YOUR OBJECTIVE.
Drop the pictures and repeat the remaining data exactly.

EXERCISE DATA.
────────────────

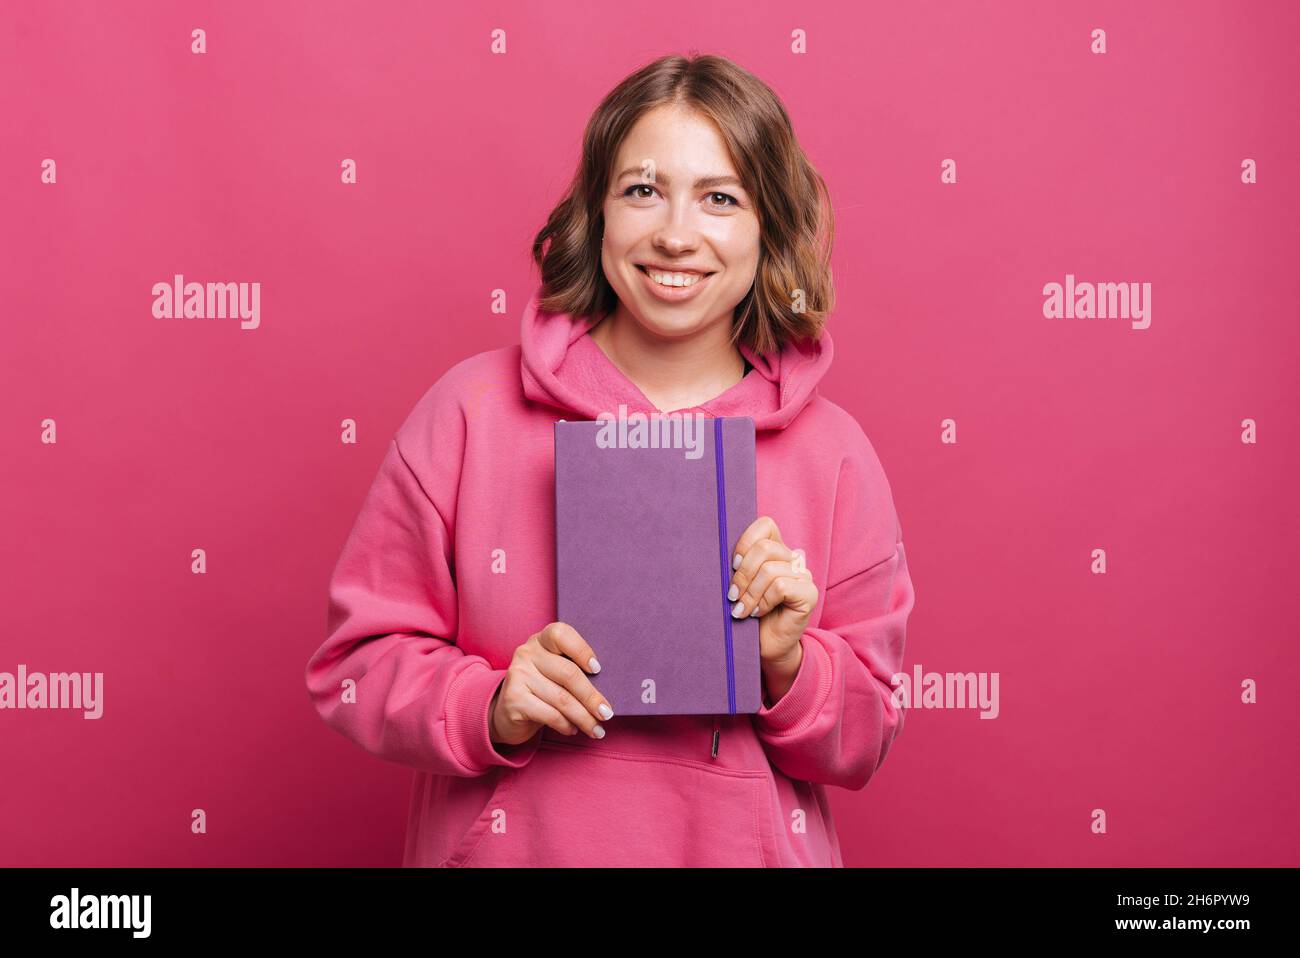 Portrait of young cheerful woman holding agenda planner over pink background. Stock Photo
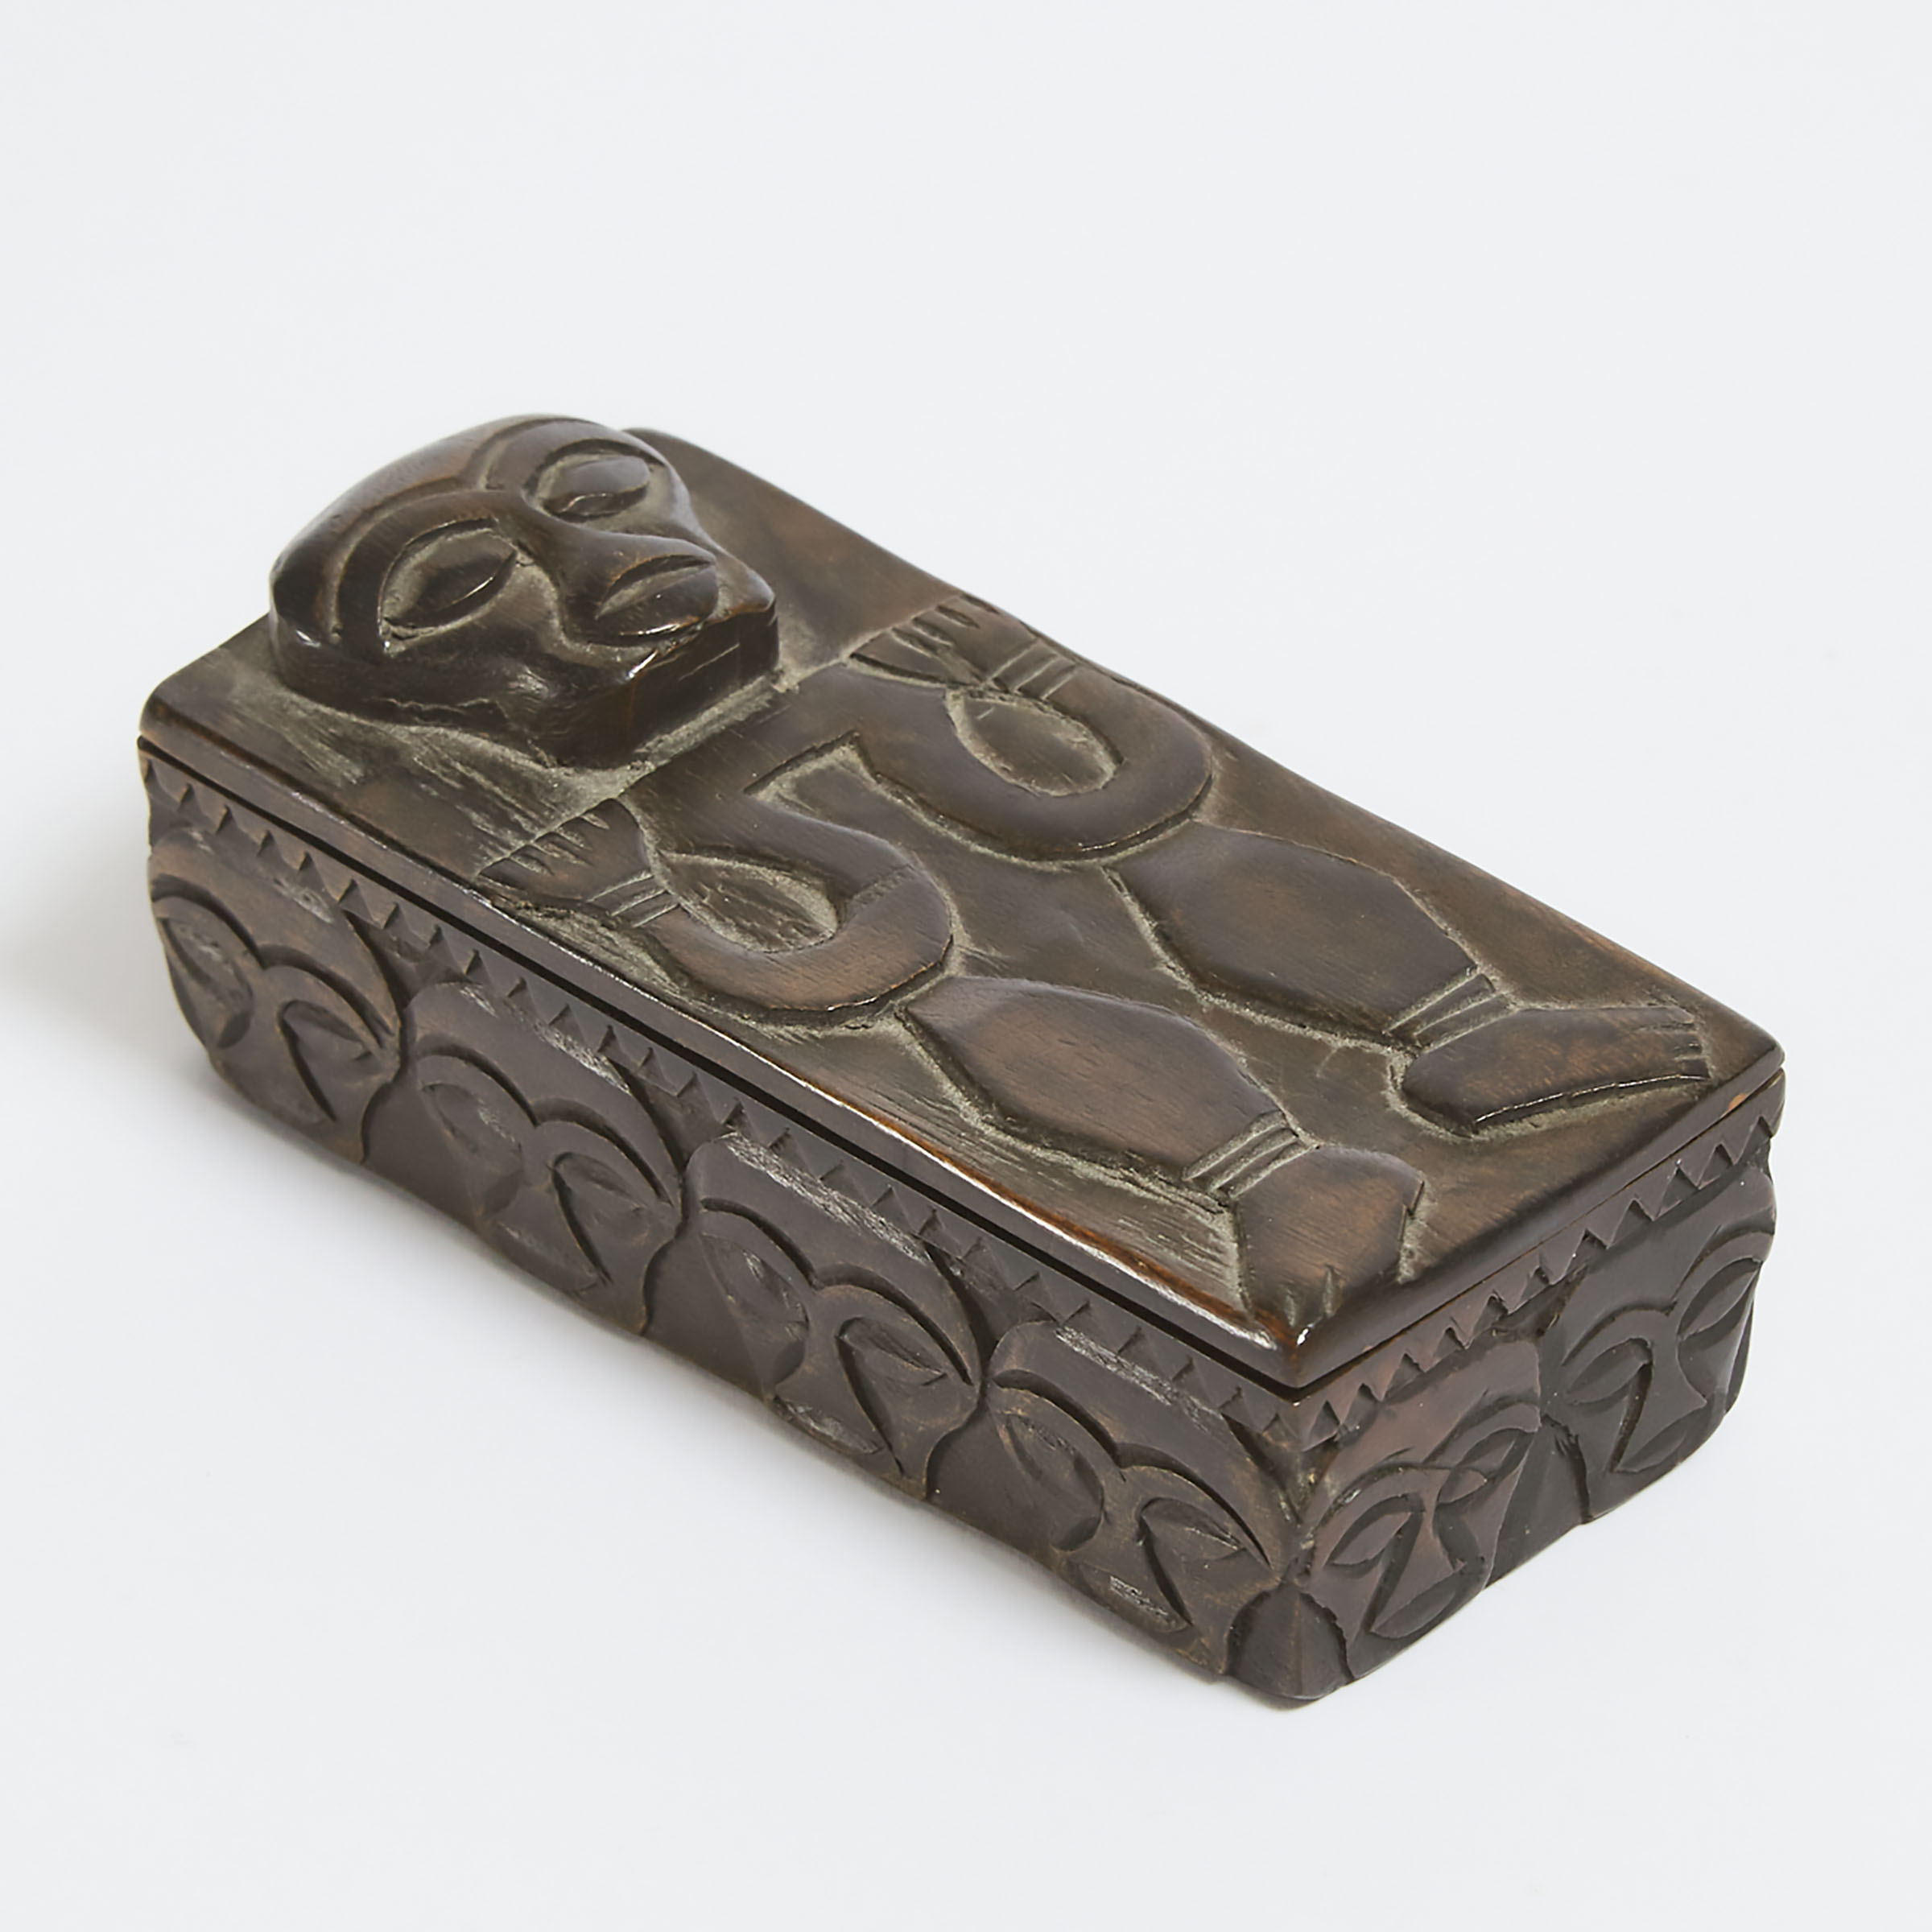 Indonesian Figural Lidded Box, possibly Iban/Dayak, Borneo, 20th century
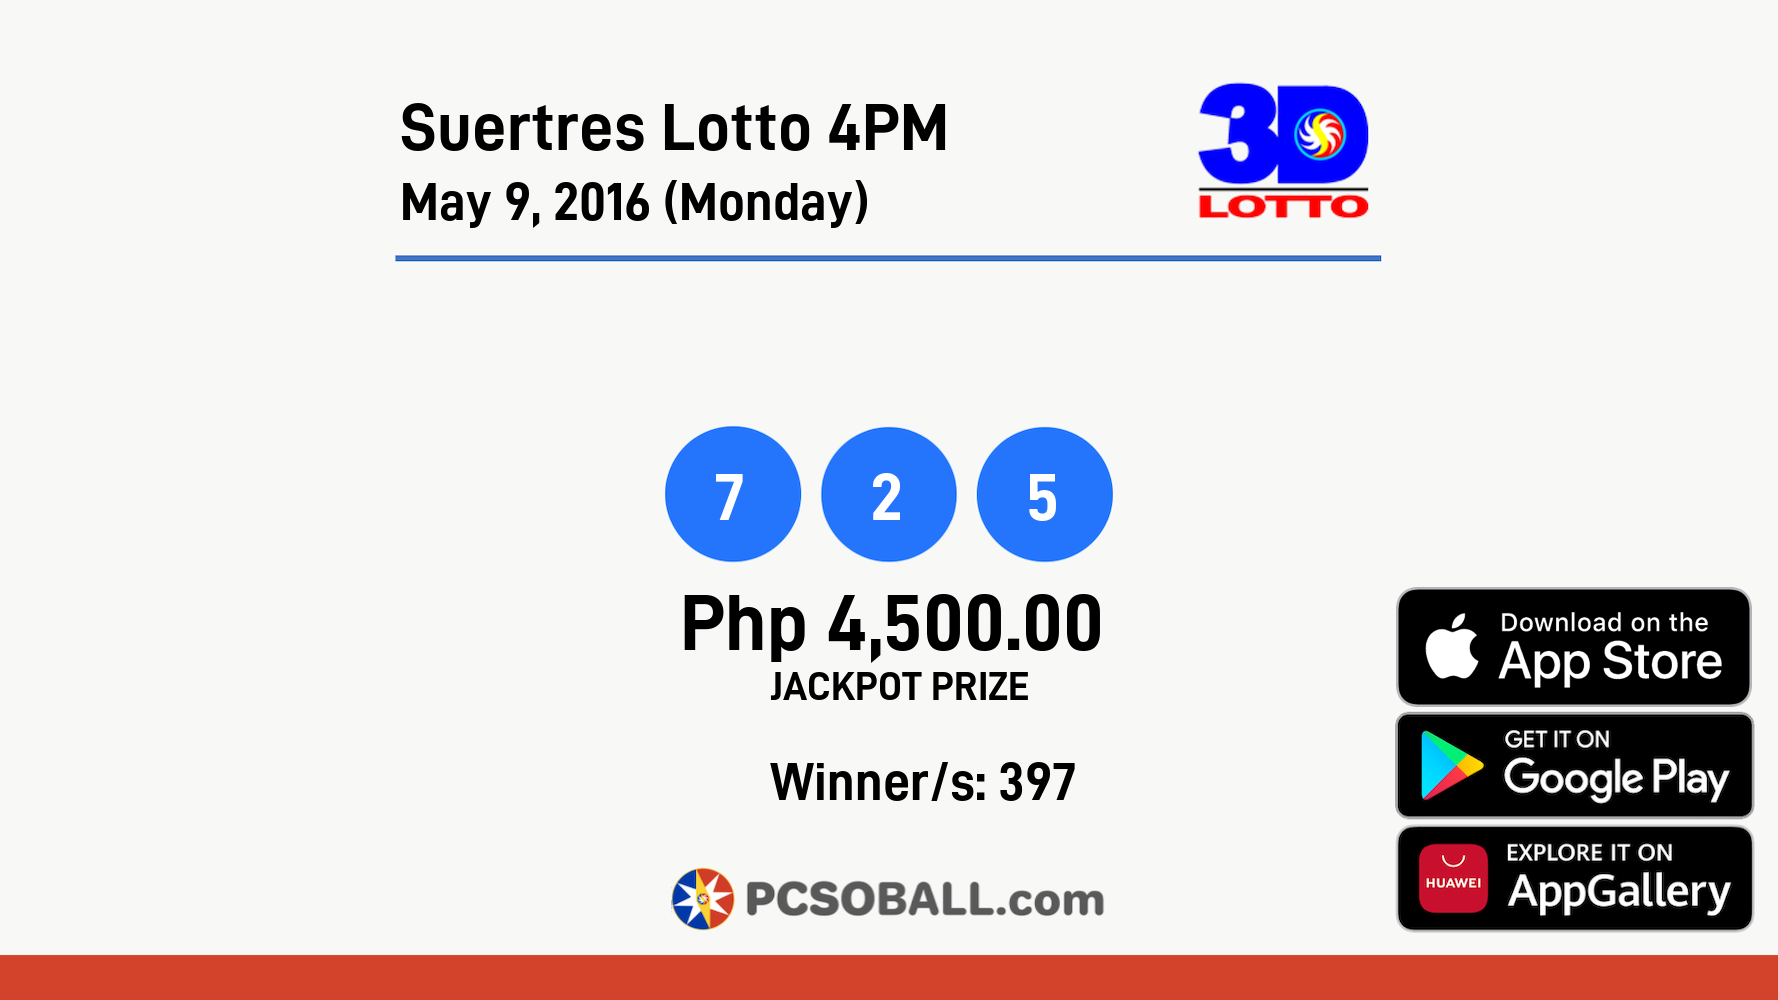 Suertres Lotto 4PM May 9, 2016 (Monday) Result

────────────────

PROBLEM SOLUTION.
 Portrait of young cheerful woman holding agenda planner over pink background. Stock Photo
 Indonesian Figural Lidded Box, possibly Iban/Dayak, Borneo, 20th century
 Suertres Lotto 4PM May 9, 2016 (Monday) Result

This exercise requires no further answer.